• ihanet ettiğimiz eylem. hiçbir anı, boşa harcamayacağıma dair o kadar çok söz verdim ki kendime bu zamana kadar..ama şu an yorgunluktan yerimden kalkamadığım için mutfağa gitmeye üşenip bilgisayar başında salak salak vakit harcıyorum.
  • kritik bir eylemdir. öylesine vermiştim bu sözü zaten, diyerek sözünü tutmayan arkadaşım! sana sesleniyorum! insan kendinden bu şekilde uzaklaşıyor işte. kendine verdiğin sözü tutmadığında yavaş yavaş kendine olan saygını ve inancını yitiriyorsun. bu en basit örnek olarak "bu akşam ne olursa olsun film izleyeceğim" diyerek veya "bugün 20 dakika da olsa yürüyüş yapacağım" diyerek verilen bir söz dahi olsa yani bu kadar basit bile olsa; her gün böyle kendine verdiğin kaç tane basit sözü tutmadığının farkında mısın? ve yavaş yavaş kendine söz veremez hale geldiğinin? kendi kendini atıllaştırdığının?

    kendinizden başka size ait olan hiçbir şey yok. ona da saygınızı yitirmemeniz gerekiyor.
  • şimdiye kadar önemsemediğim ama bundan sonraki hayatımda elimden geldiği kadar gerçekleştireceğim eylemler bütünü.

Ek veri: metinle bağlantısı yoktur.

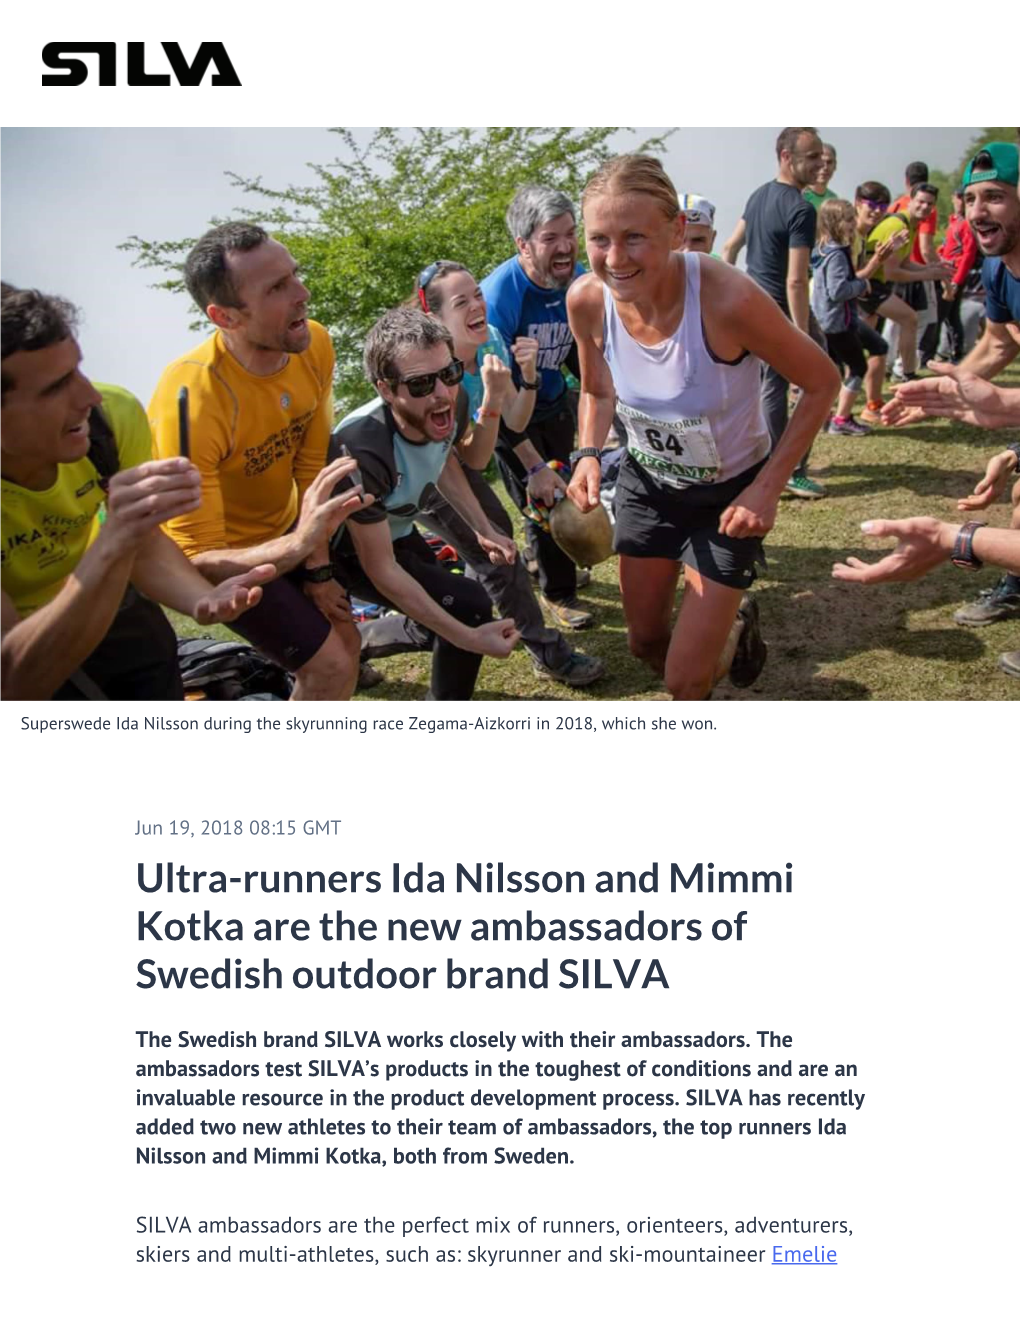 Ultra-Runners Ida Nilsson and Mimmi Kotka Are the New Ambassadors of Swedish Outdoor Brand SILVA

    arkadaşımızı ekmek bile ayıpken kendimi defalarca ertelediğimi fark ettim. hafta sonu sırf bu yüzden yani kendime söz verdim diye, adeta küçük bir kız çocuğunun elinden tutup kalktım soğukta uzak mesafe sayılabilecek bir yere gittim. sırf o çocuğu mutlu etmek için yaptım bunu. bana kalsa bir bahane bulur yapmazdım yine. ama o söz beni harekete geçirdi..
  • büyük konuşmayacağım. (yine büyük konuştu.)
  • her gün birkaç kez yaparım bu eylemi, kendime de hiç dürüst olmadığım için bile bile yaptığım yanlışlara devam ederim. evet, kendime muhteşem bir saygım var. umarım şu entry biraz akıllandırır beni de yaptığım yanlışlardan geç de olsa dönerim.
  • kendine söz geçirememek ve iradenin hem beraber oldugu hem ayri yollara saptigi zamanlarda insan en cok kendine soz vermek ister.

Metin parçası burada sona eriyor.